• [DATA PROVIDED]
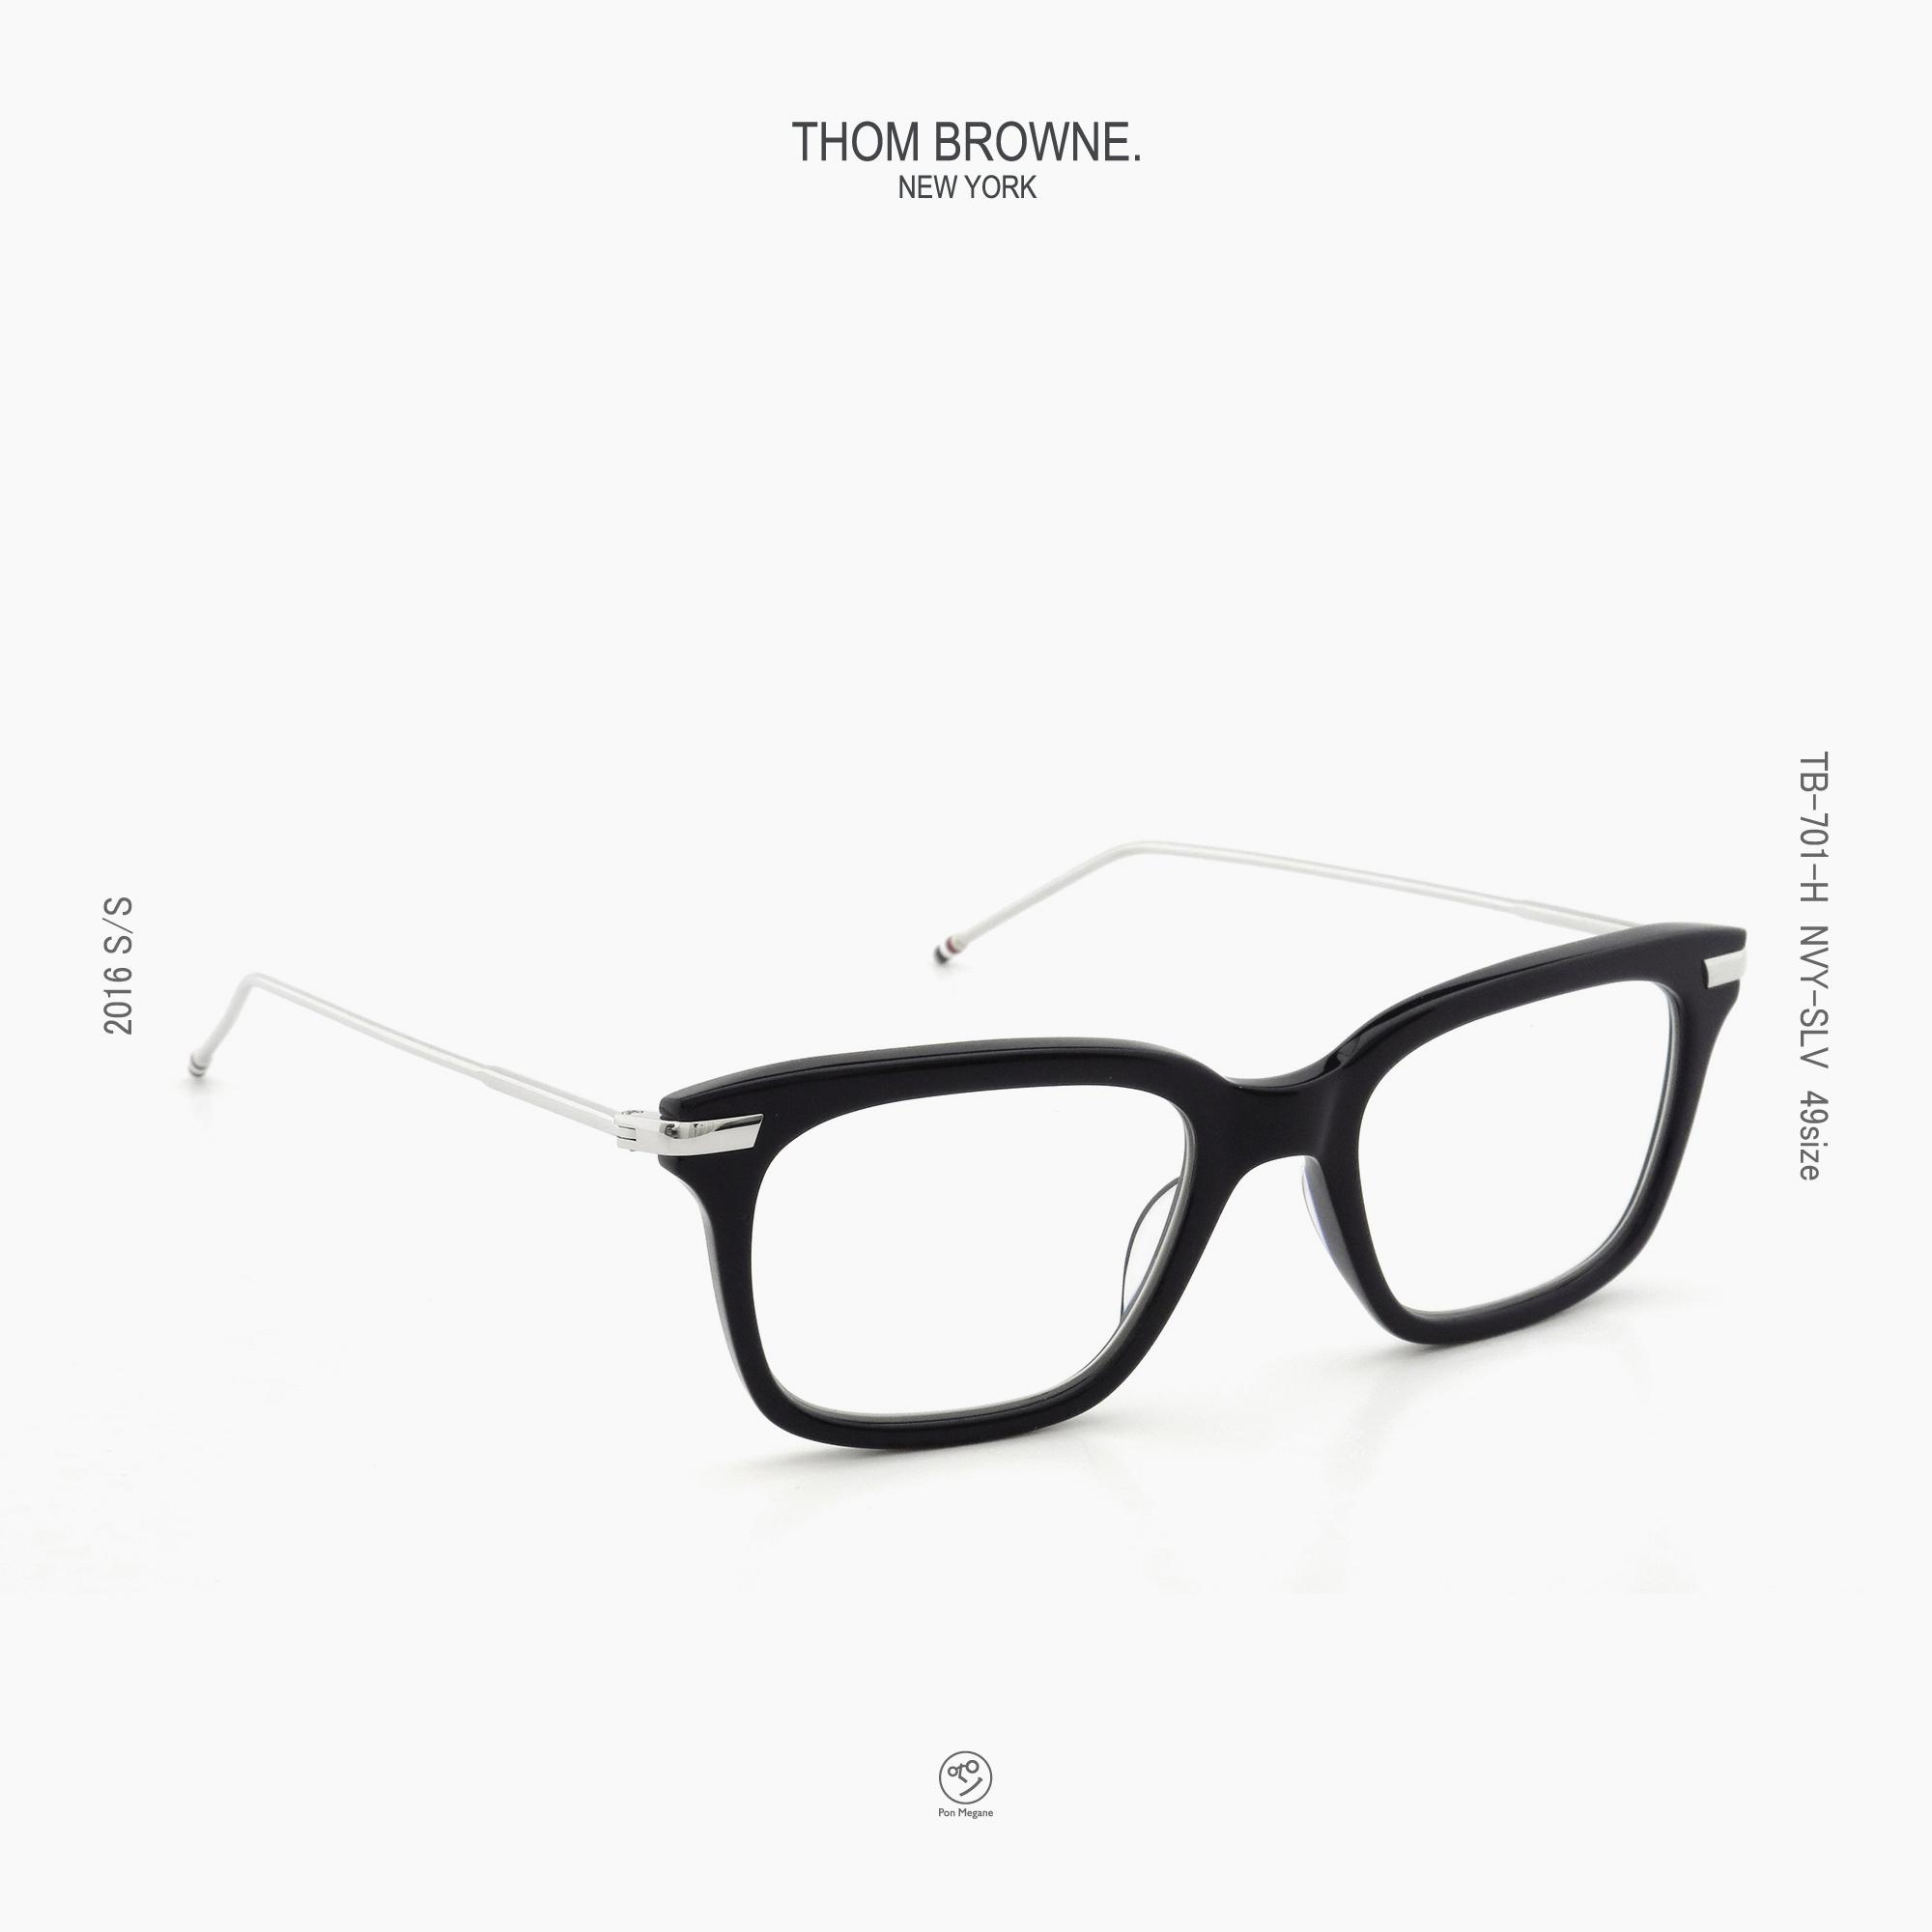 THOM-BROWNE_TB-701-H_NVY-SLV_49_insta
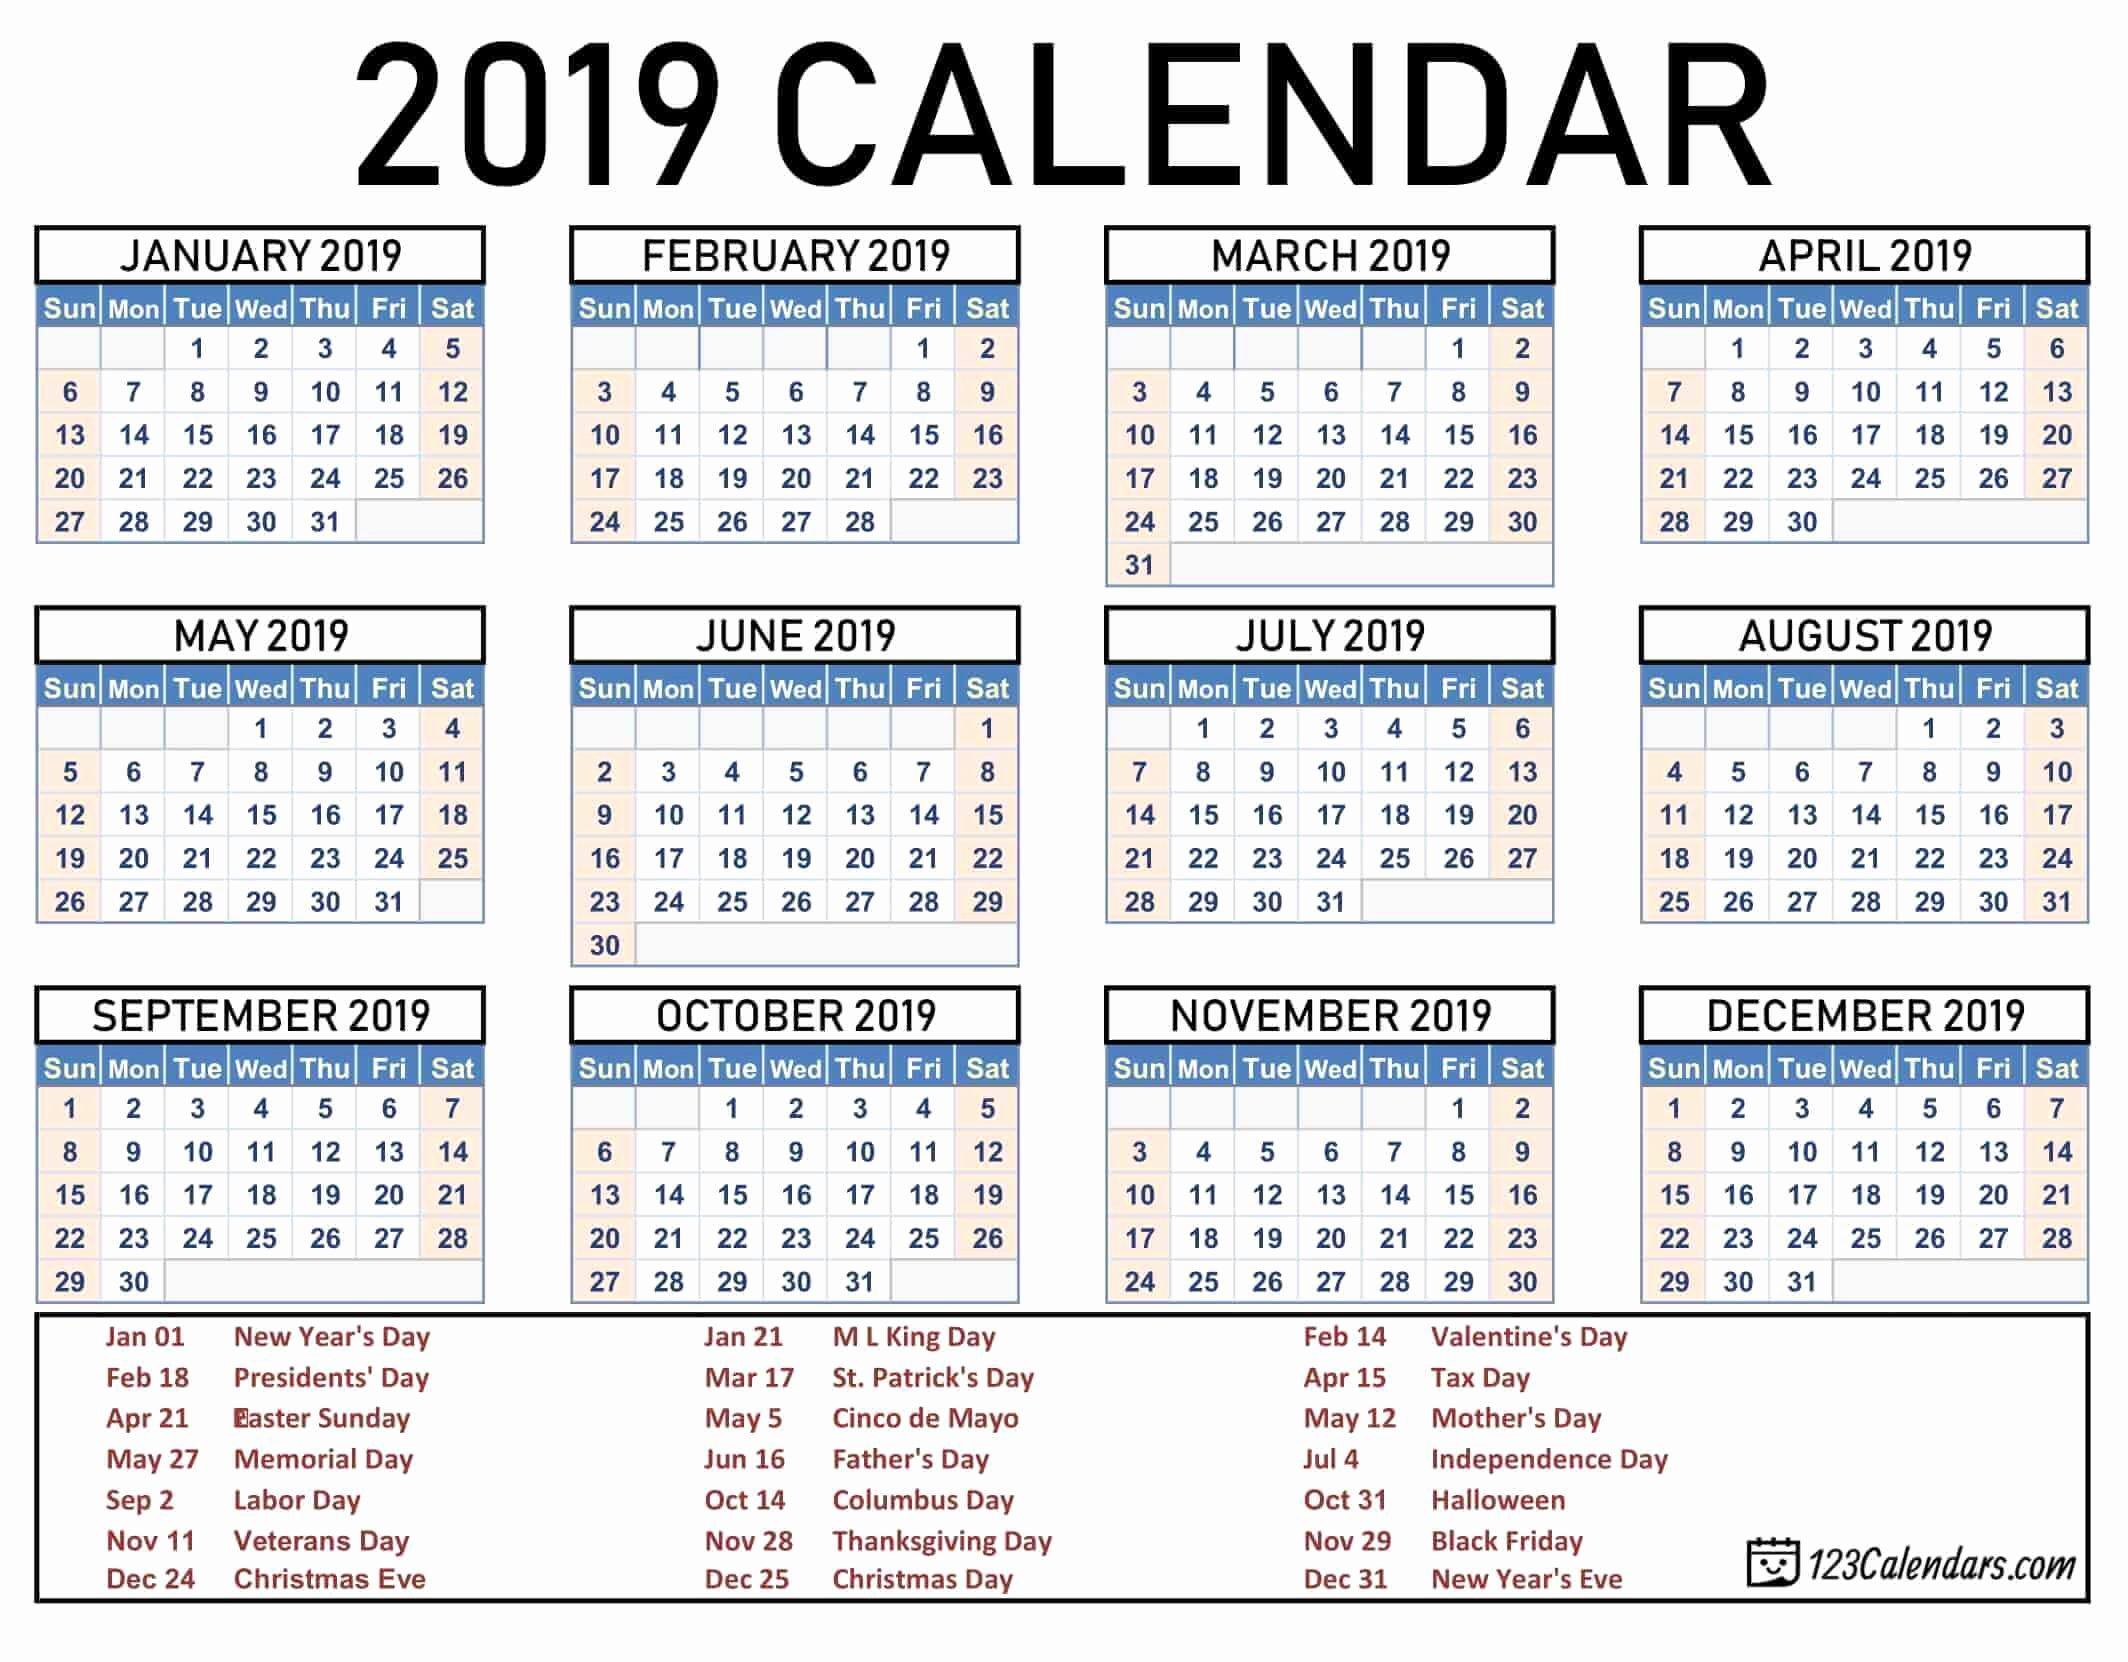 Free 2019 Calendar Template Inspirational Free Printable 2019 Calendar
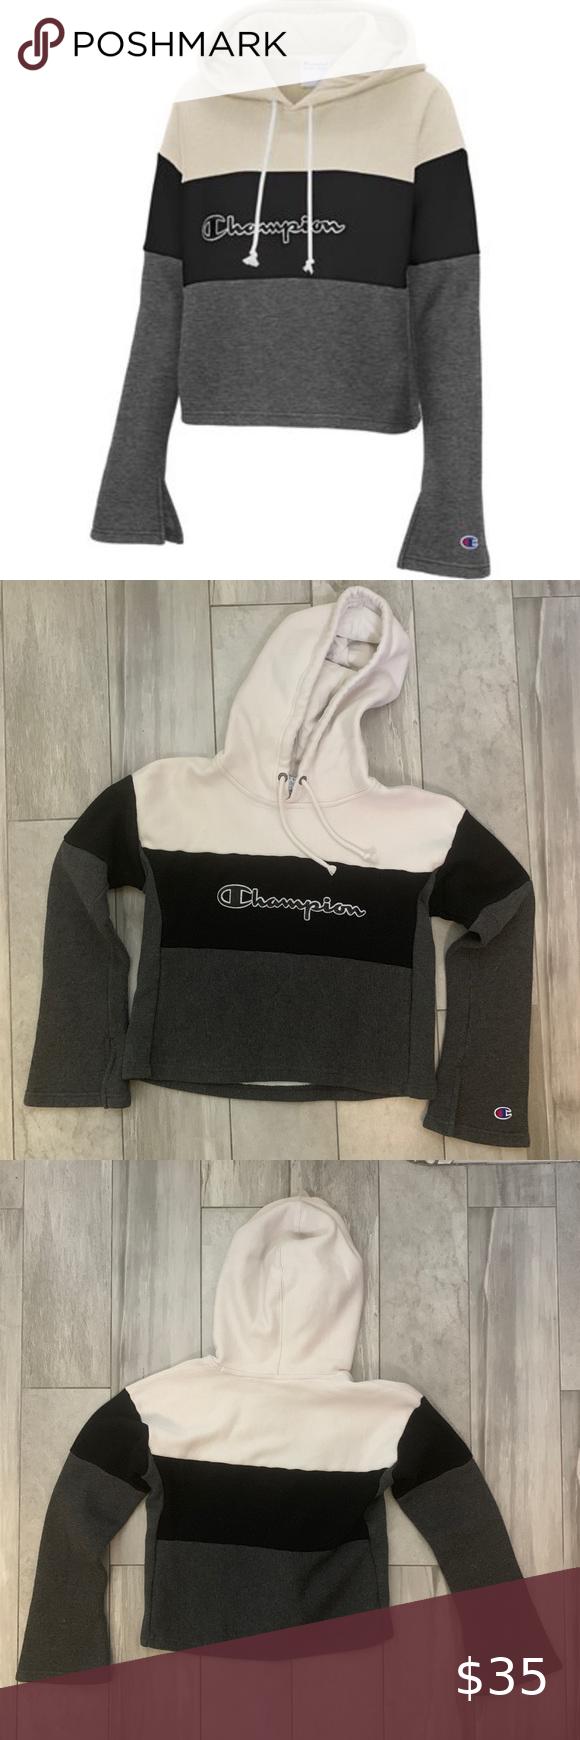 Champion Hoodie Xs Hoodie Sweatshirts Outfit Black Champion Hoodie Grey Champion Hoodie [ 1740 x 580 Pixel ]

• [PROBLEM REQUIREMENTS] Exact transcription of the full listing above is required; images do not belong in it.

• [ANSWER FOR THE TASK]
 THOM-BROWNE_TB-701-H_NVY-SLV_49_insta
 Free 2019 Calendar Template Inspirational Free Printable 2019 Calendar
 Champion Hoodie Xs Hoodie Sweatshirts Outfit Black Champion Hoodie Grey Champion Hoodie [ 1740 x 580 Pixel ]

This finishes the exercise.